Today, CERN is rightfully proud of Berners-Lee's achievement. Moreover, it hopes that the world's scientific and business communities will recognize its foresight in sponsoring the research that led to the Web as evidence of the value of its ongoing computing projects. So far, so good: The DataGrid effort was officially launched in January 2001 with a sponsorship grant from the European Union to the tune of 9.8 million euros, and further contributions are forthcoming from CERN's various member nations.
Business Brains
Such generous support should probably be expected. After all, the hope is that the DataGrid will benefit a broad range of scientific research, including not just nuclear physics but biology and Earth observation as well. What's more, European countries are betting that grid technologies like those used in the CERN project could be put to use in the private sector as well.

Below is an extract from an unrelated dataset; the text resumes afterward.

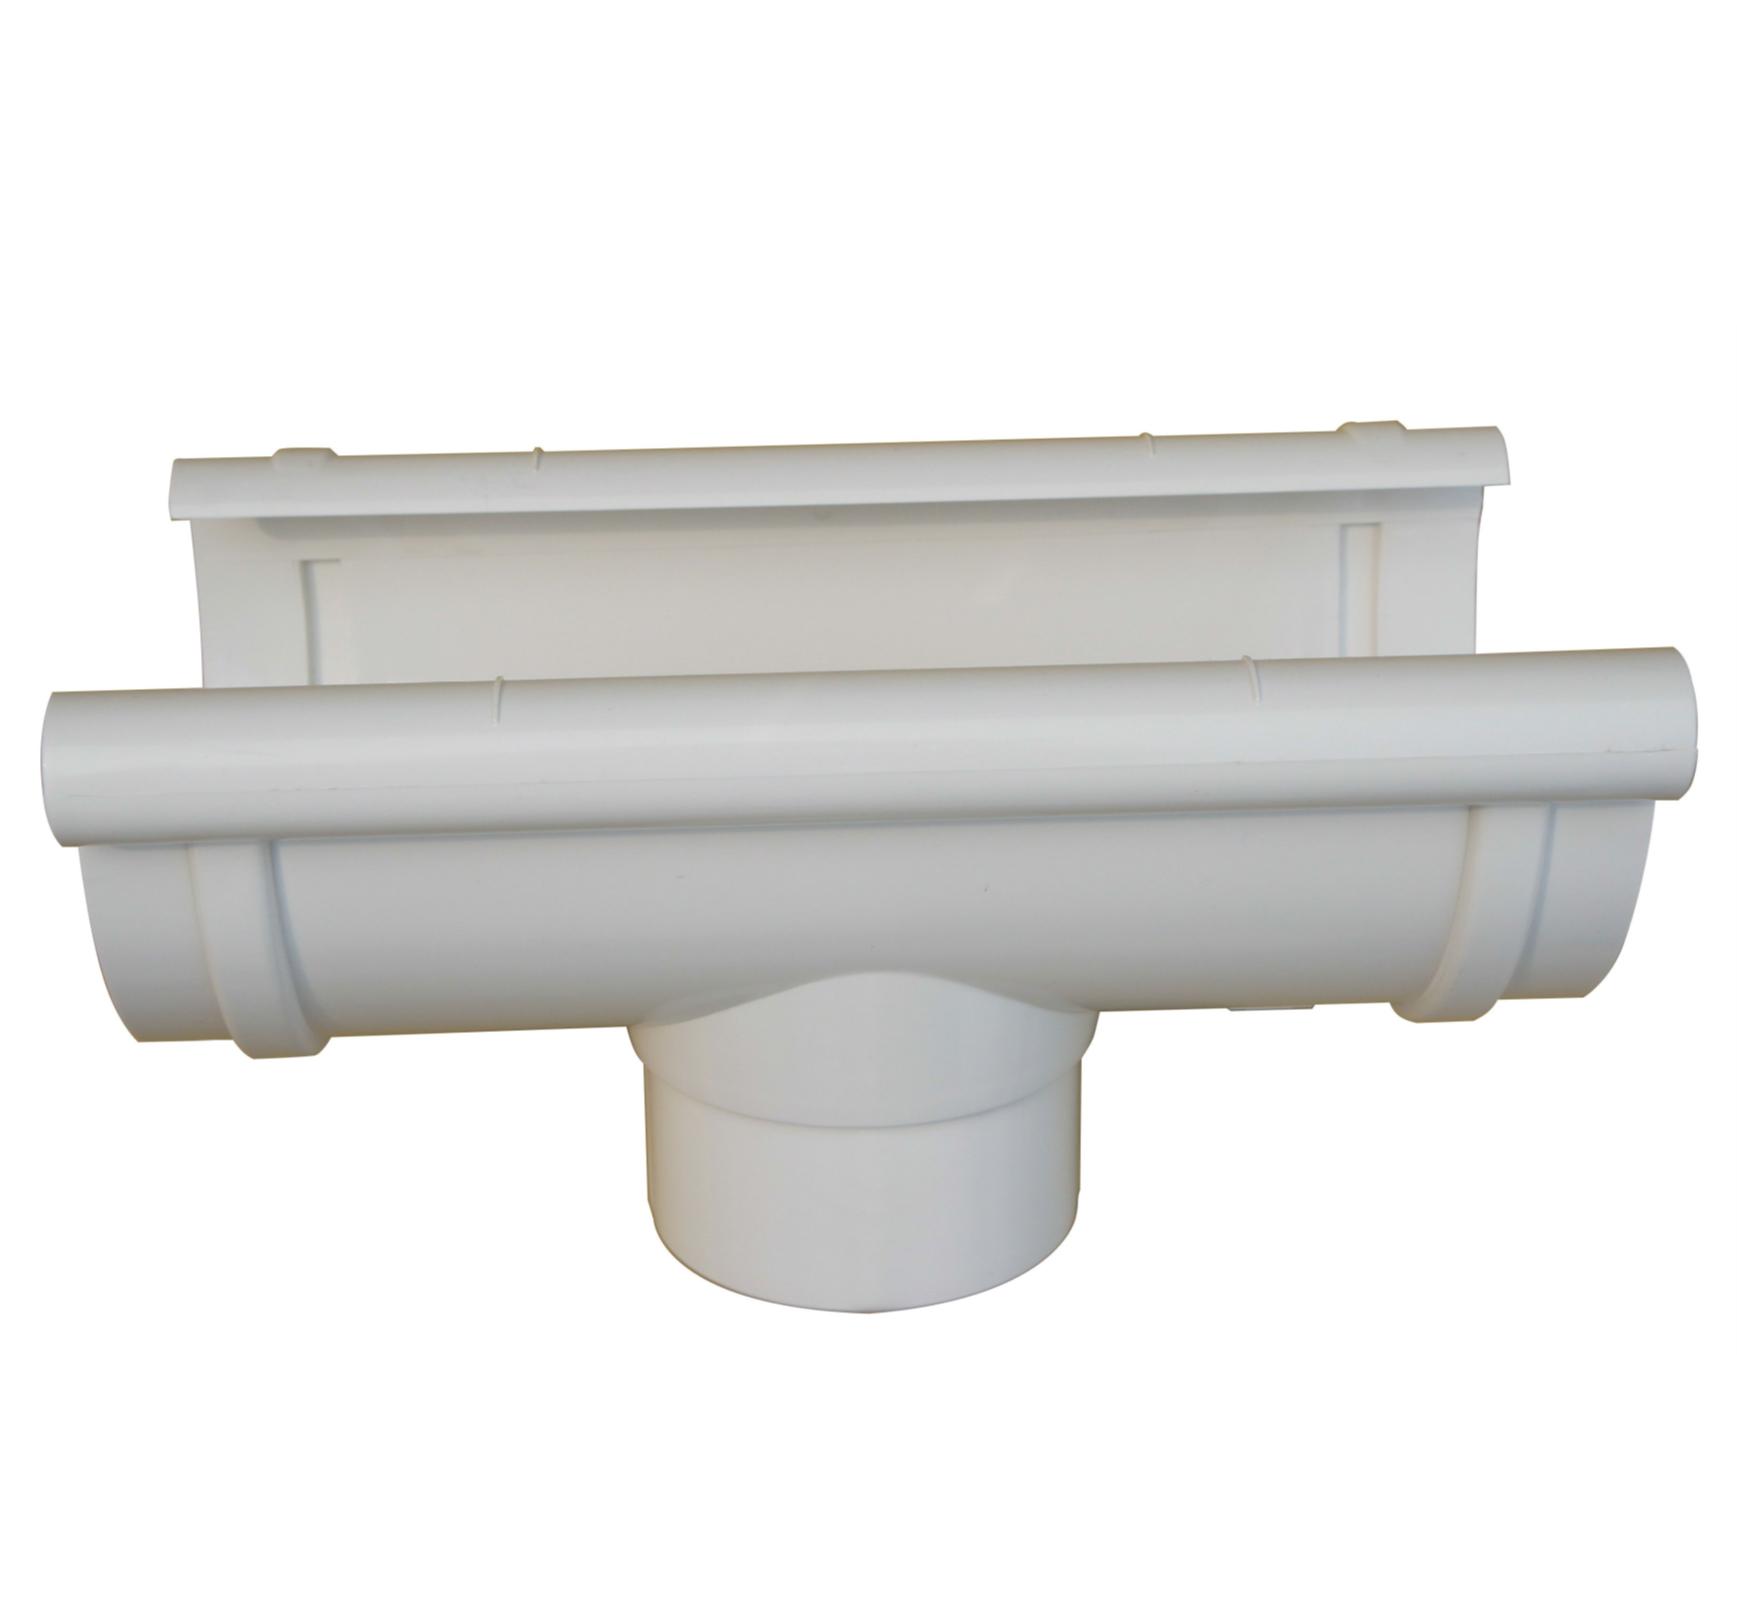 CN Aquatherm pvc rainwater gutter system gutter tee ф125×88

Though it seems unlikely that any business will generate as much raw data as CERN's Large Hadron Collider, the sciences aren't the only area where there's demand for high-performance supercomputing. Financial-services companies, insurance agencies and engineers could all potentially take advantage of grid-computing power for statistical-modeling and data-mining applications.
So forget Moore's Law. The problem isn't that computers are as powerful as you'll ever need. It's just that you've been thinking too small. Tomorrow's supercomputers may be so large, in fact, that they cover the whole world. And to see them in action, you need look no further than 2006.